Eating disorders

What are eating disorders?

When a person develops an unhealthy attitude towards food that causes them to drastically change their behaviour and diet, this is known as an eating disorder.

Around 1.6m people in the UK are estimated to be affected by eating disorders. While it is more common for young women to develop eating disorders, people from all genders, backgrounds, ethnic groups and ages can be affected.

There are many forms of eating disorder, but the most common are binge eating disorder (BED), bulimia and anorexia.

  • People with BED regularly eat what most people would consider to be unusually large amounts of food in a short time and feel out of control when doing so. This is often called bingeing.
  • People with bulimia also binge on food, but they will then get rid of the food they have eaten (sometimes called purging) by making themselves vomit or by using laxatives.
  • People with anorexia severely restrict the amount of food they eat, often eating less than they need to stay healthy. They can become very focused on their weight and body shape.

They can have a significant impact on a person’s health and quality of life.

The causes of eating disorders are complicated, but research suggests that our life experiences, our psychological state and our genetics all play a part.

Getting help

The physical effects of eating disorders can be serious so it is important for people affected by them to get help.

The first step towards getting help with an eating disorder is to speak to your GP. Approaching your doctor, either for yourself or someone you care about, can seem like a daunting task. You may feel embarrassed or guilty, or that you’re wasting their time. Don’t let these things put you off talking to your GP and asking for help – that’s what they’re there for.

It’s quite common for a person with an eating disorder to feel that they don’t want or need help, as the condition can seem like it is integral to them as a person. For example, if someone believes they need to lose weight, they may feel that purging helps them to do this, despite the negative effect this may have on their physical and emotional wellbeing. Your doctor will understand this, and it’s ok for you to mention that you feel this way.
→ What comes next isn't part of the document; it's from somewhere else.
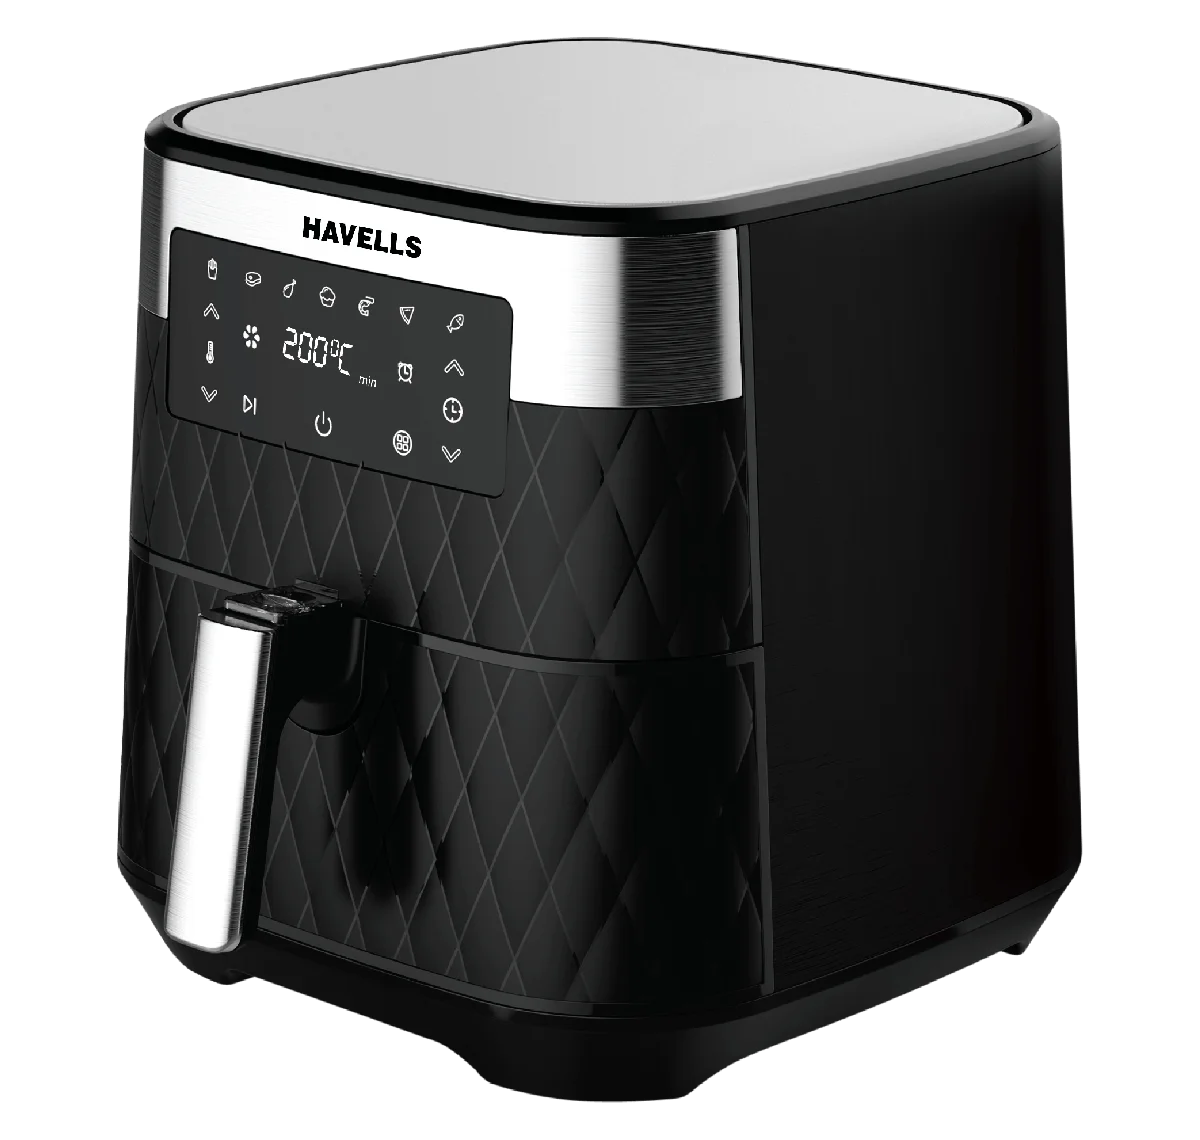 Havells Air Oven Air Fryer Suppliers Coimbatore

Your doctor may use a series of questions to help assess whether or not you are suffering from an eating disorder. It’s important to note that their diagnosis won’t just be based on these questions, and you don’t have to say yes to all of them to be diagnosed with having an eating disorder.

Think about your answers to these questions before you visit your GP – it could help to make the conversation easier:

  • Do you make yourself sick because you feel uncomfortably full?
  • Do you worry you have lost control over how much you eat?
  • Have you recently lost more than one stone (6kg) in a 3 month period?
  • Do you believe yourself to be fat when others say you are too thin?
  • Would you say that food dominates your life?

What happens after you speak to your doctor will depend on your needs. In some cases your GP will treat you themselves, but if they think that you need specialist help, you may be referred to mental health services. You may be referred to a specialist eating disorders service if your GP thinks this is necessary.

Treatments for eating disorders

Everyone experiences eating disorders differently, so treatment is based around each person’s needs. For some people the first step may be to follow a self-help programme, possibly with encouragement and support from a health professional.

There are also different types of talking treatments available for eating disorders depending on your needs. For example, some people benefit from undertaking cognitive behavioural therapy (CBT) or Interpersonal Therapy (IPT).

CBT is a type of counselling that helps a person to understand and change the way they think and behave. IPT counselling focuses on issues with interpersonal relationships. Both of these forms of therapy can be considered for people who feel ready to start making changes to their eating pattern.

Other forms of therapy are helpful in other circumstances, and these options will be explored collaboratively with you.

Treatment may also involve careful monitoring of your physical health.

People with bulimia or binge eating disorder and those that have problems with other conditions such as depression or anxiety may be prescribed medication, but this is not usually the case with anorexia.

Tips for people with eating disorders
  • Asking for help can be very difficult. Talk to someone you can trust, whether it’s a parent, a teacher or a good friend. Speaking to your doctor will be easier with their support
  • Recovering from an eating disorder is not easy, and it can take time. Try not to be hard on yourself if you suffer a setback
  • Try to keep doing the things you are interested in, like your hobbies or seeing friends. This can help keep your mind off negative thoughts and habits
  • Learn as much as you can about eating disorders. There are lots of books on the subject, and sources of useful information online (see the list included in this leaflet)
  • It can be helpful to know that you’re not alone. You can find support groups online – BEAT, the eating disorder charity, run online communities for all ages and for carers and families.
Tips for partners, families and carers
  • If someone you care about confides in you about their eating disorder, try not to get angry or upset with them. It can be very hard to ask for help so be supportive and try to understand
  • Ask your loved one what they do and don’t find helpful, as everyone is different
  • Try and keep them included in social activities, even if they don’t always take up the invitation
  • Avoid making comments about weight or looking ‘healthier’
  • Patience is very important. A person with an eating disorder might not always be open to help. This can be difficult to deal with, but remember it’s the illness talking, not the person.